MISCELLANEOUS PROVISIONS

16.1 Unfunded Plan. Insofar as it provides for Awards of cash, Common Stock or rights thereto, this Plan shall be unfunded. Although bookkeeping accounts may be established with respect to Participants who are entitled to cash, Common Stock or rights thereto under this Plan, any such accounts shall be used merely as a bookkeeping convenience. The Company shall not be required to segregate any assets that may at any time be represented by cash, Common Stock or rights thereto, nor shall this Plan be construed as providing for such segregation, nor shall the Company, the Board or the Committee be deemed to be a trustee of any cash, Common Stock or rights thereto to be granted under this Plan. Any liability or obligation of the Company to any Participant with respect to an Award of


cash, Common Stock or rights thereto under this Plan shall be based solely upon any contractual obligations that may be created by this Plan and any Award Agreement, and no such liability or obligation of the Company shall be deemed to be secured by any pledge or other encumbrance on any property of the Company. Neither the Company nor the Board nor the Committee shall be required to give any security or bond for the performance of any obligation that may be created by this Plan.

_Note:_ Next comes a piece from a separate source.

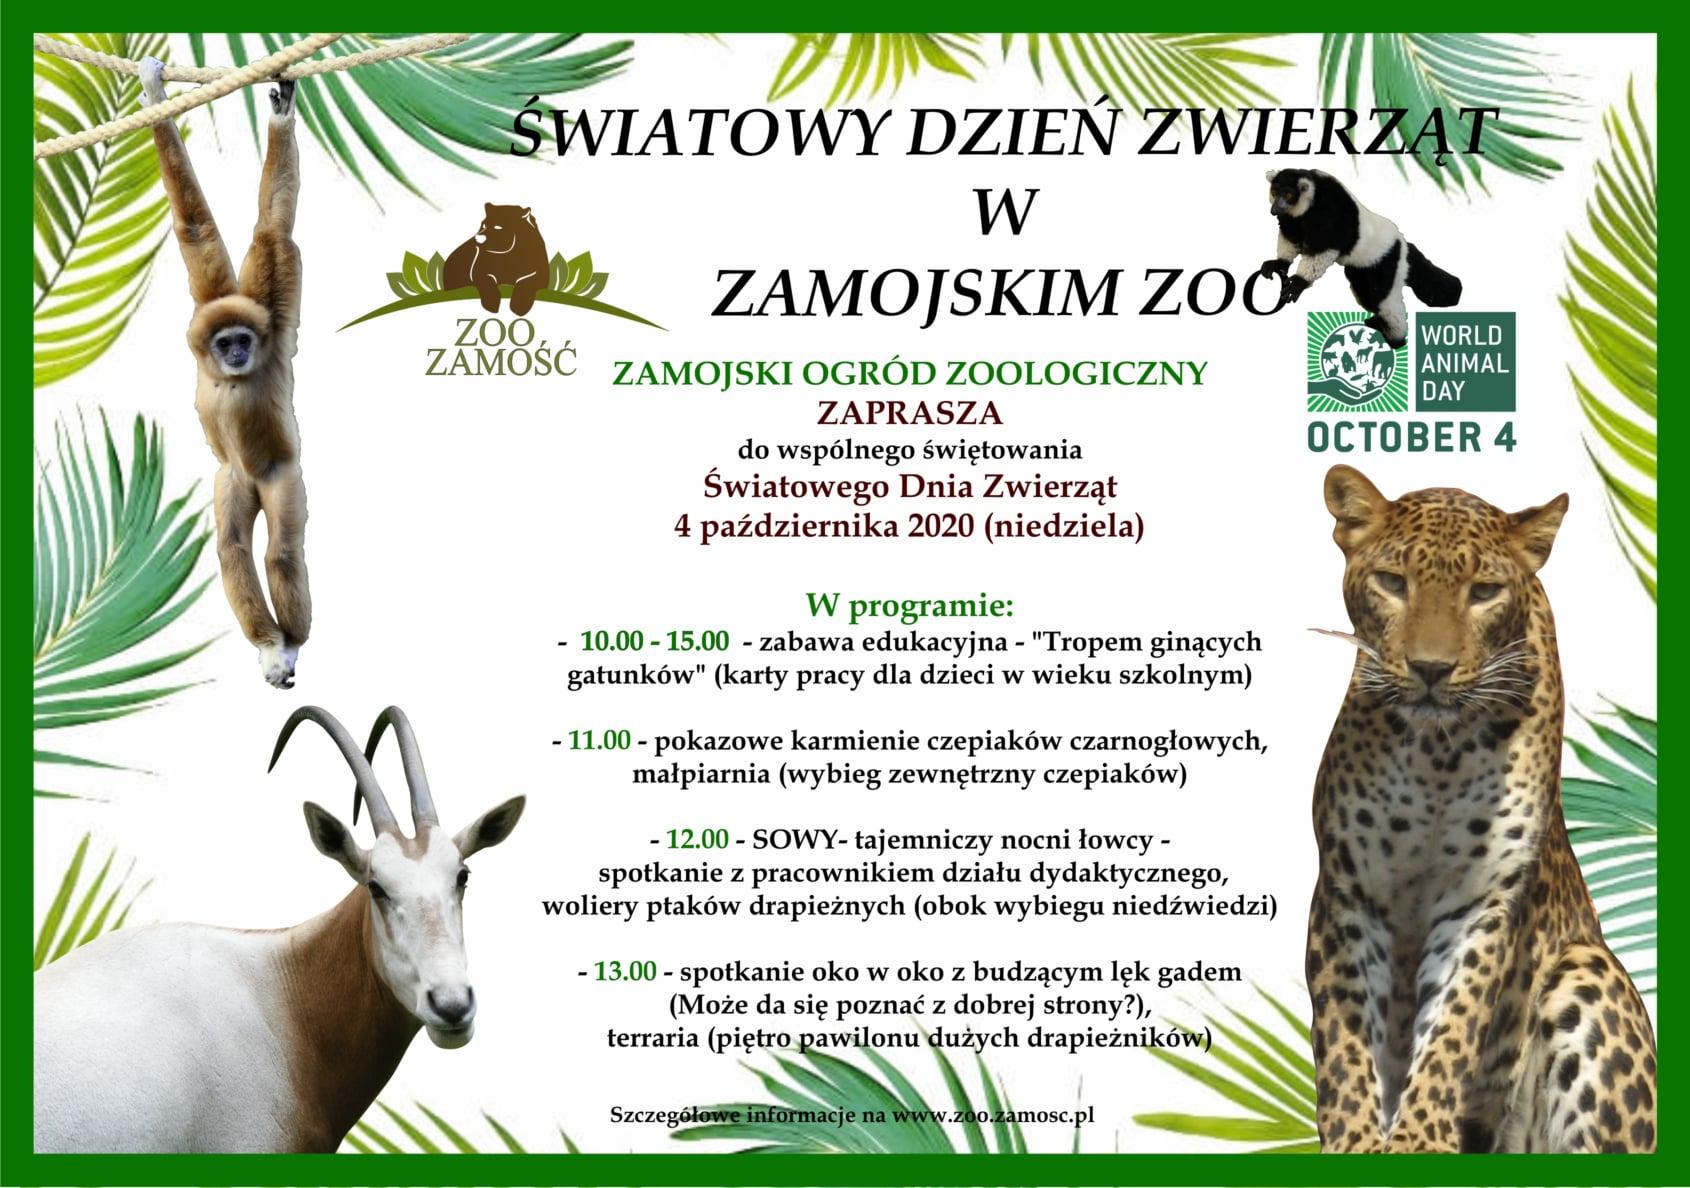 120603301 3486458641433509 7510472174629924012 o ZAMOŚĆ: Atrakcje w ZOO z okazji Światowego Dnia Zwierząt.

16.2 Governing Law. This Plan and all determinations made and actions taken pursuant hereto, to the extent not otherwise governed by mandatory provisions of the Code or the securities laws of the United States, shall be governed by and construed in accordance with the laws of the State of Texas.

16.3 Awards Subject to Company Policies; Recoupment. Notwithstanding any provision of the Plan, including Article Twelve hereof, any Awards made under the Plan are subject to the policies of the Company in effect as of the date of such Award. Without limiting the foregoing, by accepting an Award under this Plan the Participant acknowledges and agrees that such Award, including any proceeds thereof, may become subject to forfeiture, cancellation or recoupment pursuant to any recoupment or clawback policy of the Company or as required pursuant to the listing requirements of any national securities exchange on which Common Stock is listed.

16.4 Effective Date; Term. The Plan, as amended and restated herein, was adopted by the Board on December 9, 2010, and will be submitted to the shareholders of the Company for approval at the 2011 annual meeting of shareholders. If approved by shareholders, the Plan, as amended and restated herein, will become effective as of the date of such shareholder approval, and, unless terminated earlier pursuant to Article Twelve hereof, the Plan will expire on the date that is the tenth (10th) anniversary of the date of such shareholder approval. If the shareholders of the Company should fail to so approve the Plan as amended and restated herein at such meeting, this amendment and restatement of the Plan shall cease to be of any force or effect, and all grants of Awards under the Plan shall continue to be governed by the terms of the Plan without regard to this amendment and restatement.

16.5 Code Section 409A. It is intended that any Awards under the Plan satisfy the requirements of Code Section 409A to avoid imposition of applicable taxes thereunder, and any ambiguous provision will be construed in a manner that is compliant with or exempt from the application of Code Section 409A.